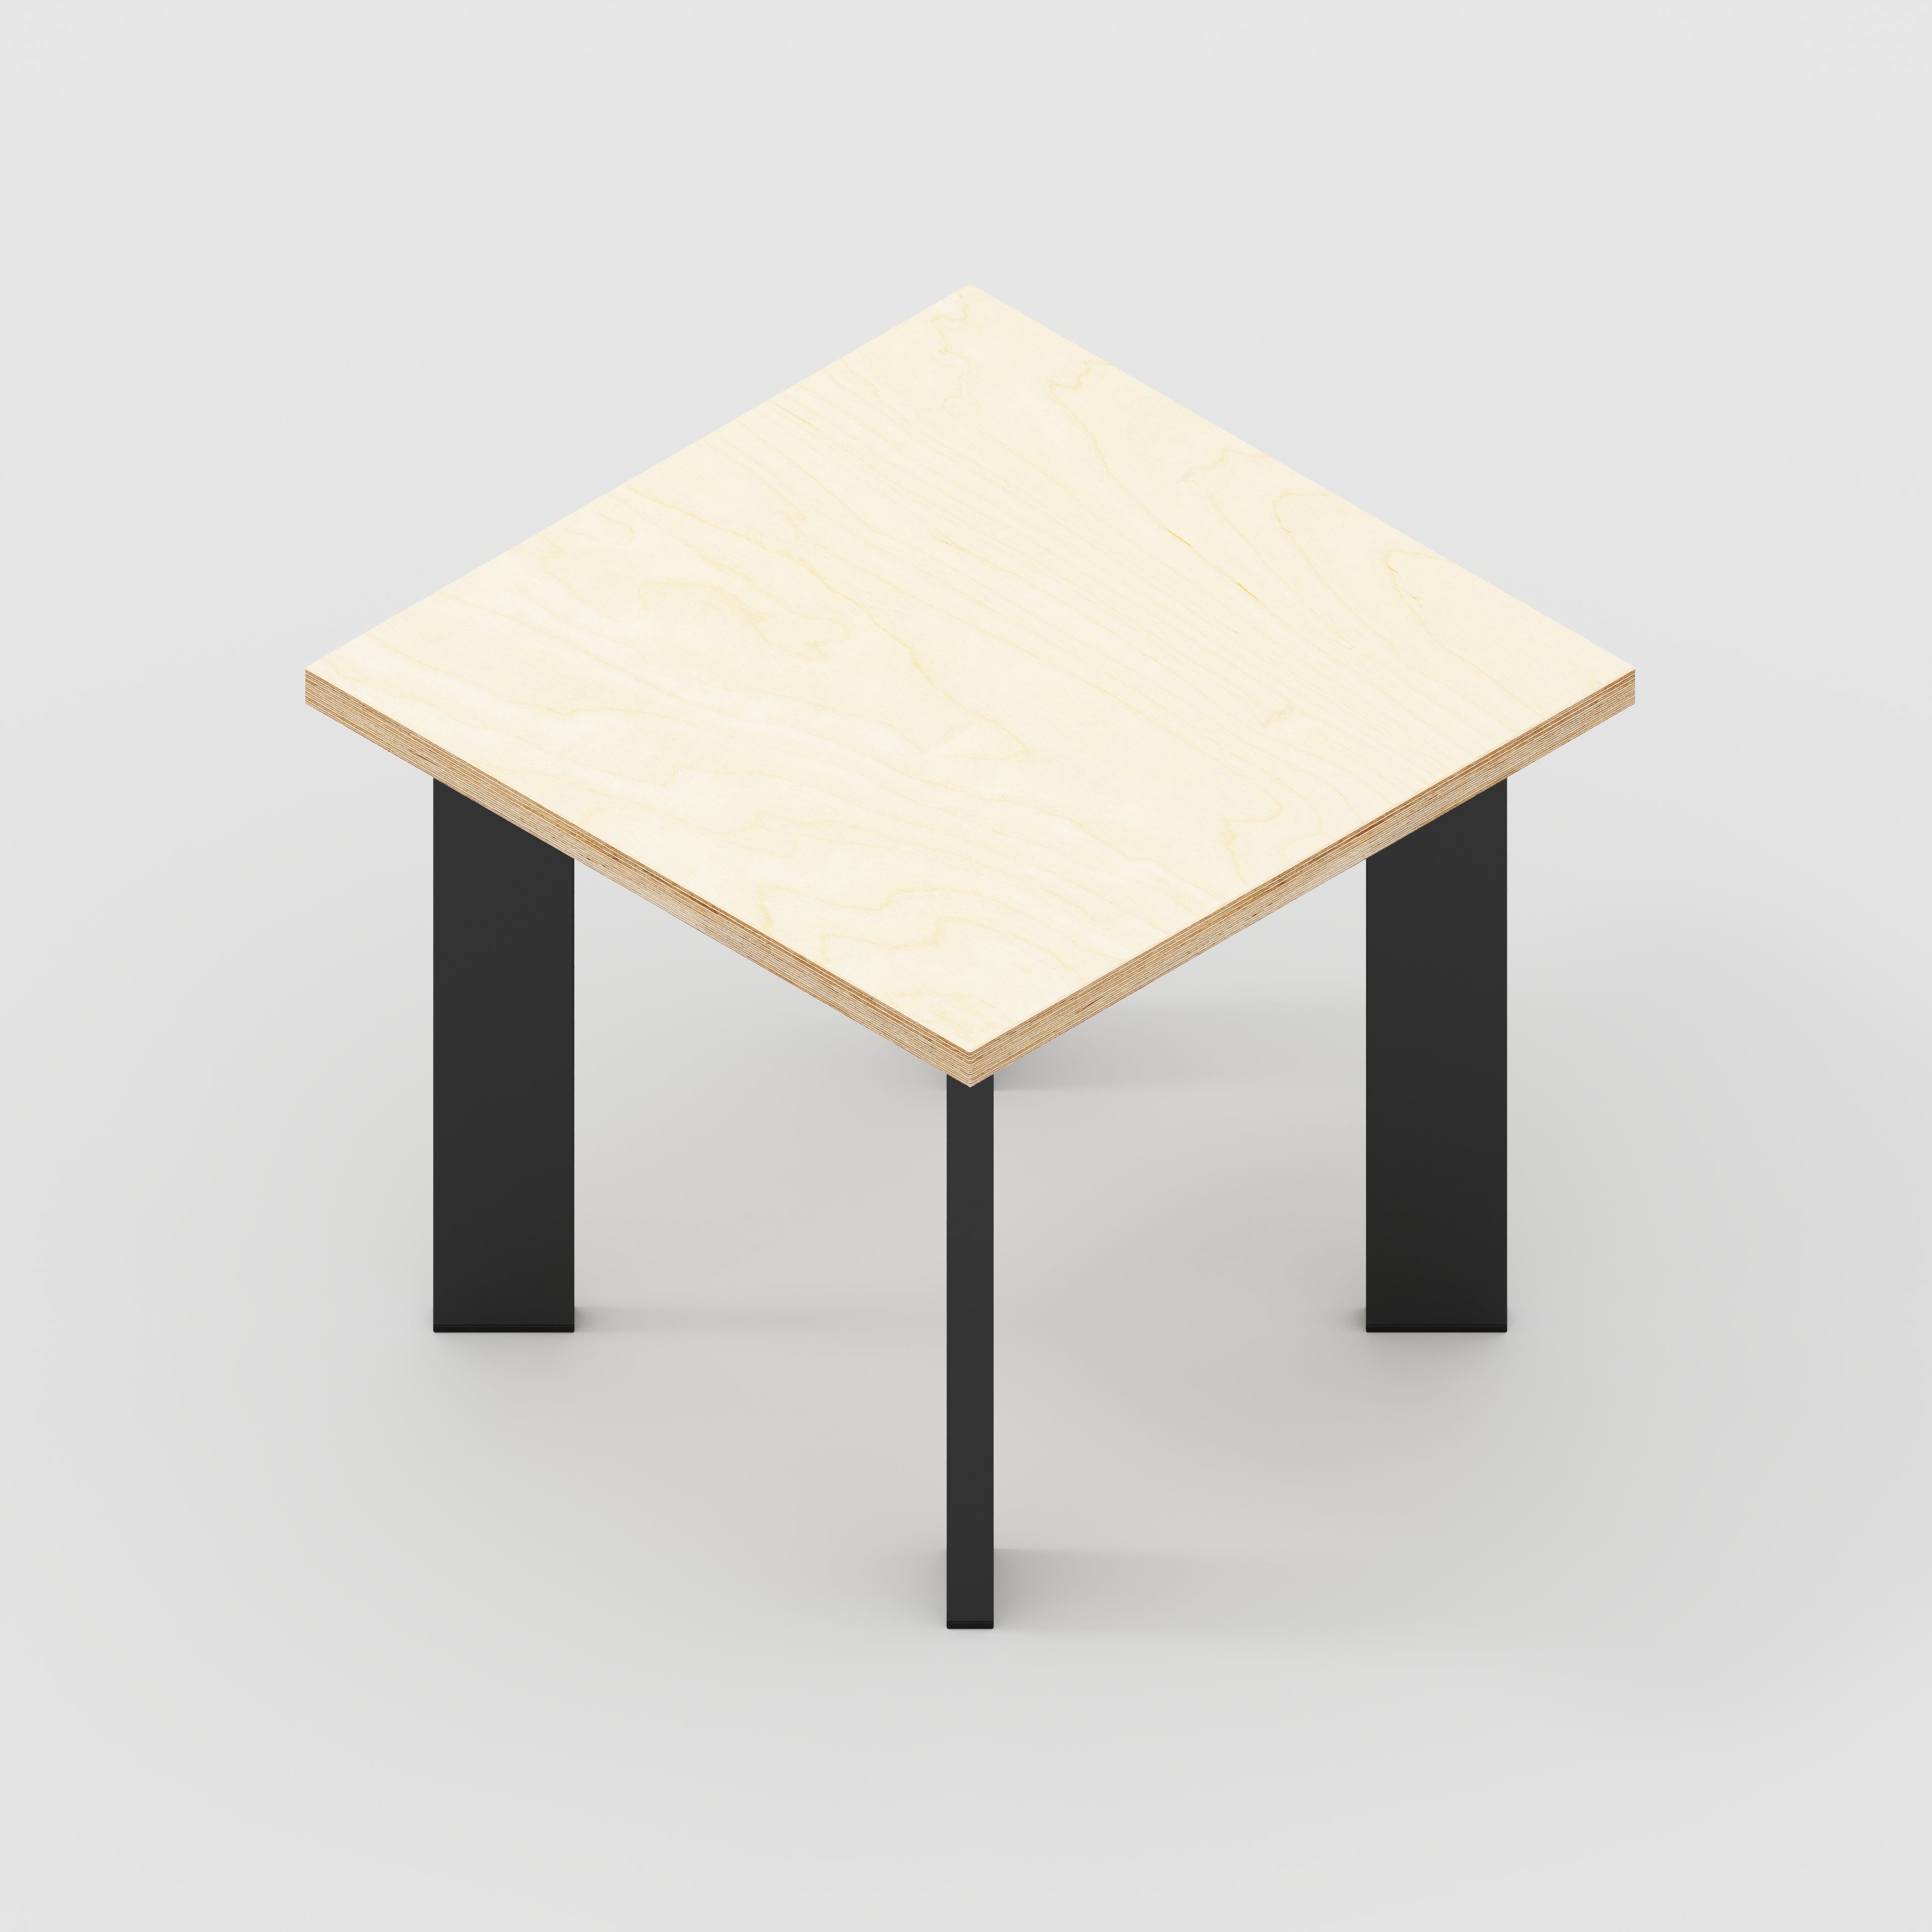 Side Table with Rectangular Single Pin Legs - Plywood Birch - 500(w) x 500(d) x 425(h)
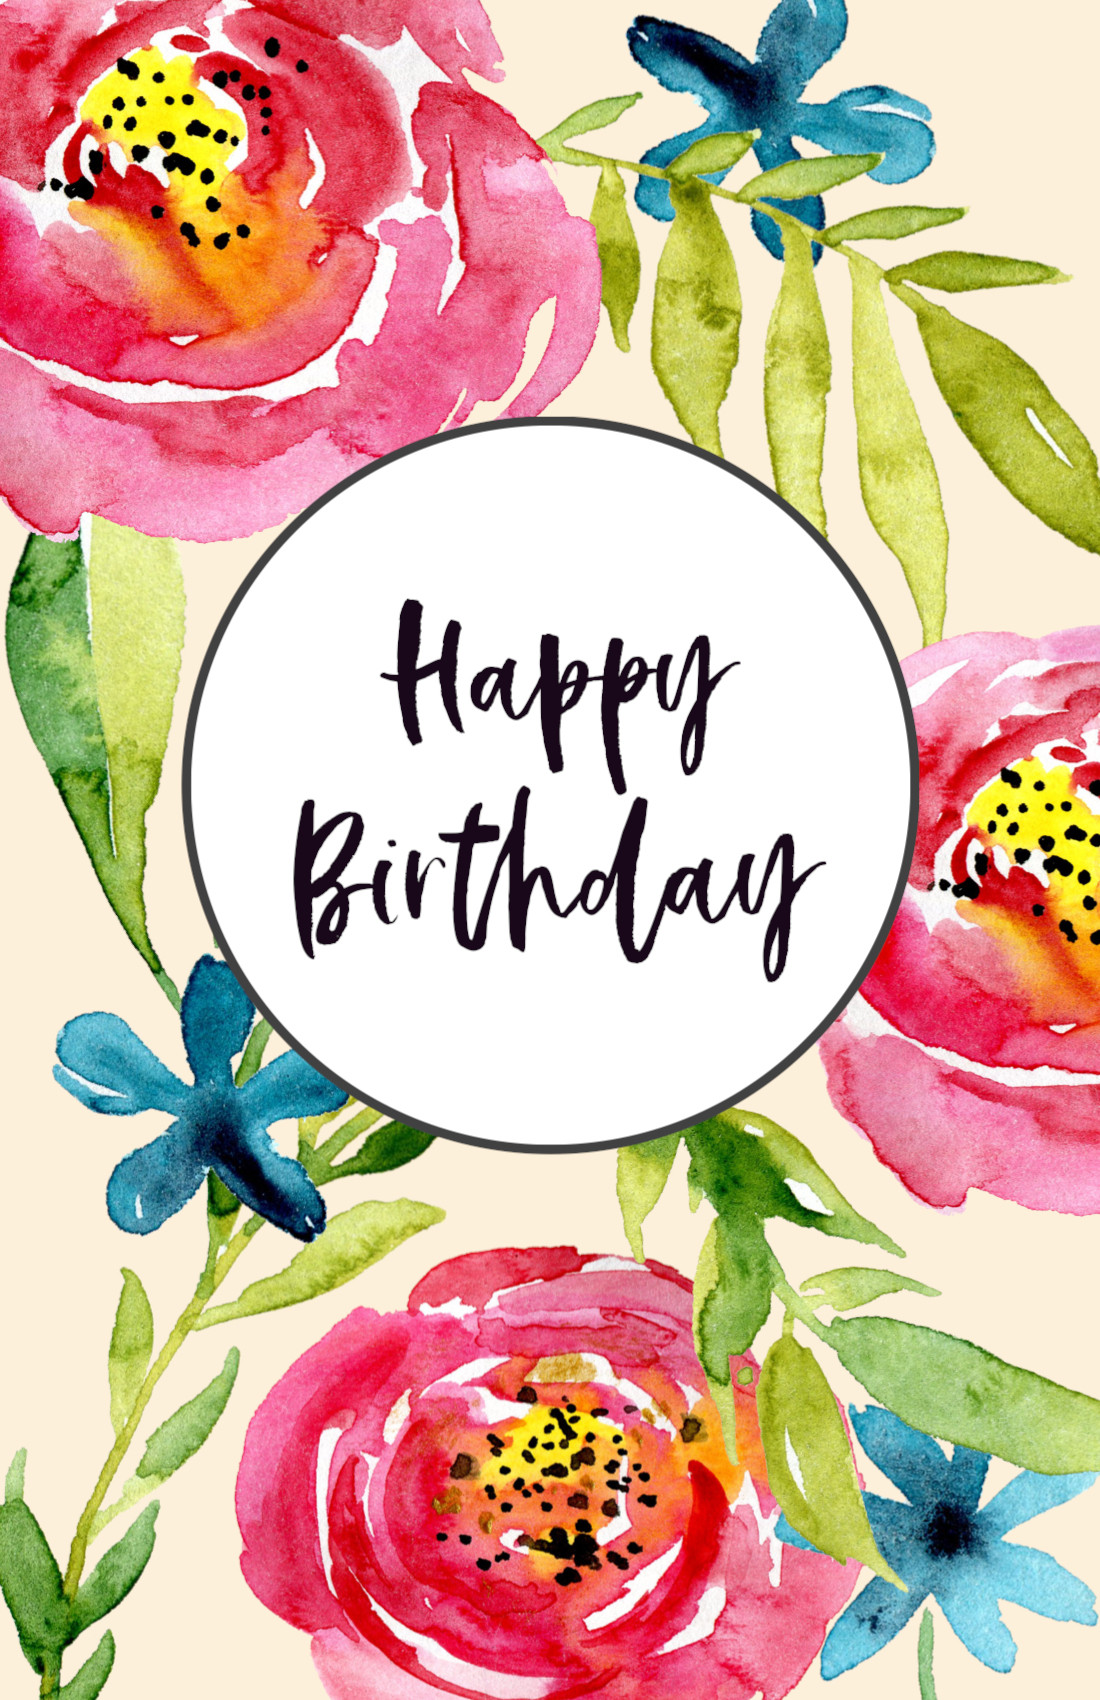 Birthday Cards To Print Out
 Free Printable Birthday Cards Paper Trail Design
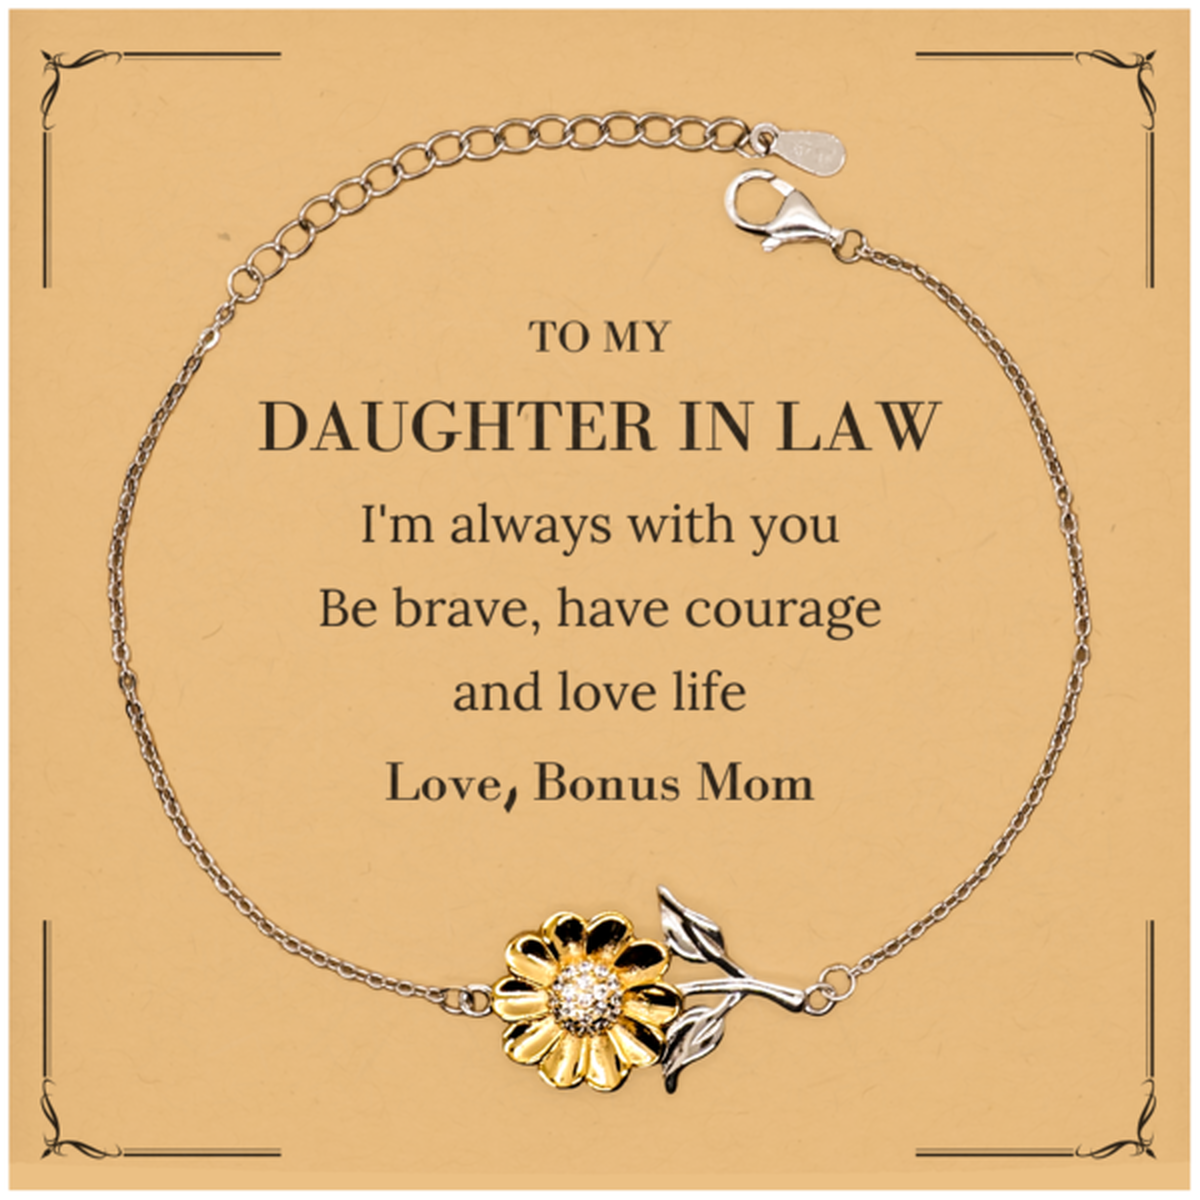 To My Daughter In Law Gifts from Bonus Mom, Unique Sunflower Bracelet Inspirational Christmas Birthday Graduation Gifts for Daughter In Law I'm always with you. Be brave, have courage and love life. Love, Bonus Mom
□ □ □ □ □ □ □
Type the listing out again word for word, passing over each picture.

Worked solution —
 Side Table with Rectangular Single Pin Legs - Plywood Birch - 500(w) x 500(d) x 425(h)
 Birthday Cards To Print Out
 Free Printable Birthday Cards Paper Trail Design
 To My Daughter In Law Gifts from Bonus Mom, Unique Sunflower Bracelet Inspirational Christmas Birthday Graduation Gifts for Daughter In Law I'm always with you. Be brave, have courage and love life. Love, Bonus Mom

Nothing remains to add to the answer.